Conversely, guards using ADTs don't give you much information without helper functions. If I had the type

data Expr
    = Literal Int
    | Add  Expr Expr
    | Mult Expr Expr
    | Negate Expr
    deriving (Eq, Show)

Using guards to write the equivalent of

eval :: Expr -> Int
eval (Literal i)  = i
eval (Add  e1 e2) = eval e1 + eval e2
eval (Mult e1 e2) = eval e1 * eval e2
eval (Negate e)   = negate (eval e)

would be a lot more verbose, difficult, and annoying. In fact, at some level you'd have to resort to pattern matching to do things like

getLiteral :: Expr -> Int
getLiteral (Literal i) = i
getLiteral _           = error "Not a literal"

Which introduces functions that can error , which is bad.
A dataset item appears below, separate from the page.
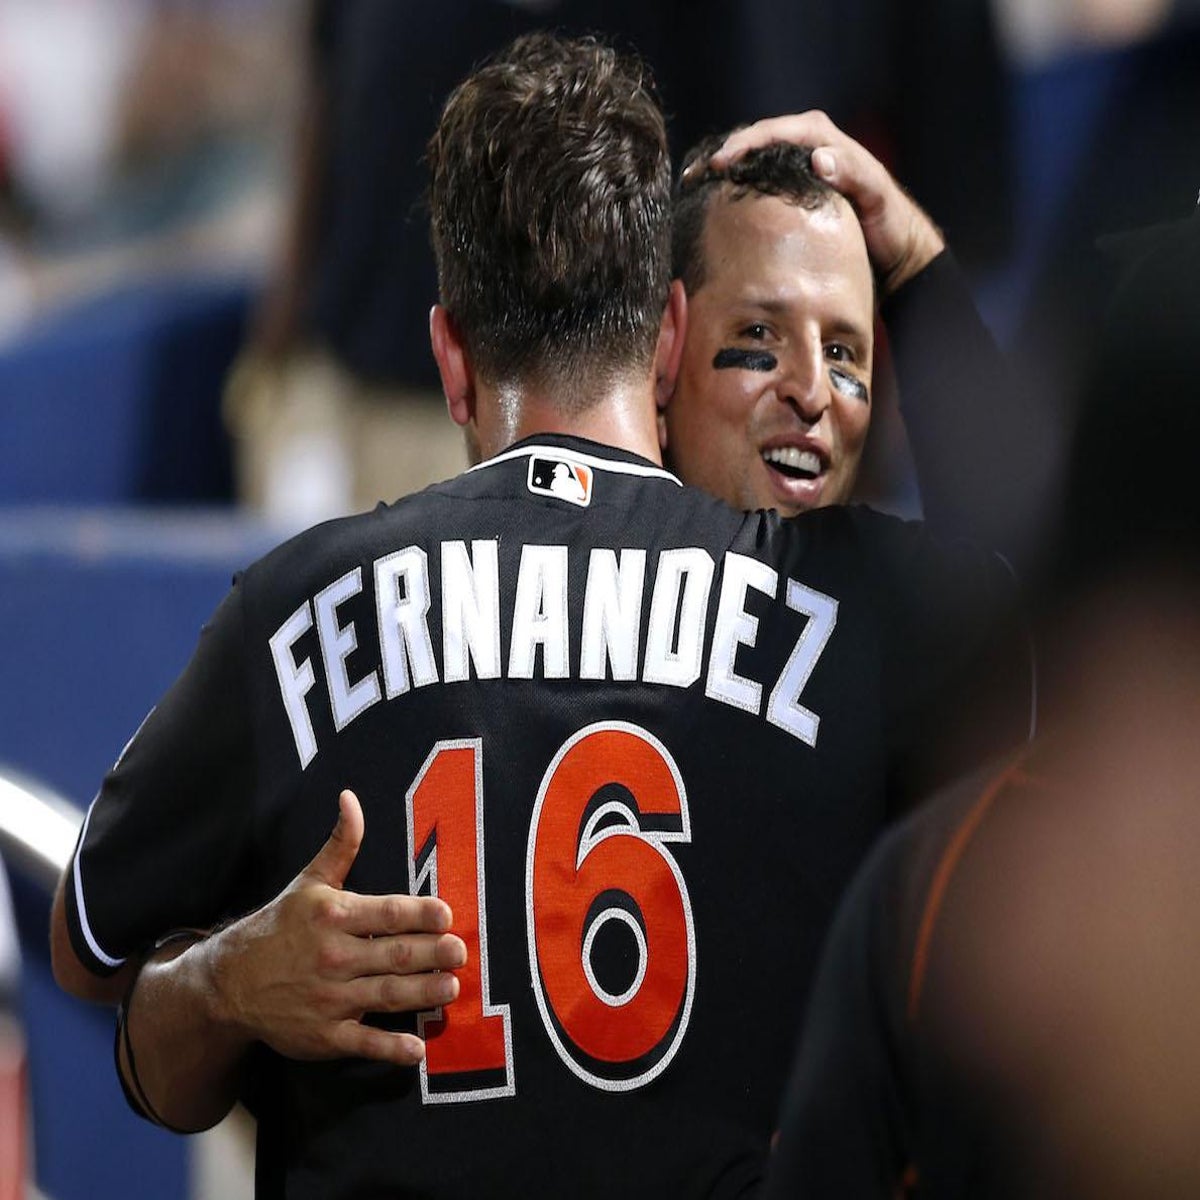 Tragic baseball star Jose Fernandez posted picture of pregnant

In this case, using pattern matching is much preferred over using guards.

For your particular examples, I'd go with pattern matching, but would use _ where possible:

listCheck :: [a] -> String
listCheck [] = "List is null :-("
listCheck _  = "List is NOT null!!"

and

luckySeven :: Int -> String
luckySeven 7 = "SO LUCKY!"
luckySeven _ = "Not so lucky :-/"

That emphasizes that if the list isn't empty, or the Int isn't 7, nothing else matters, and you aren't going to use its particular value to produce the function result. bheklilr has capably pointed out places where one choice or the other is definitely preferable.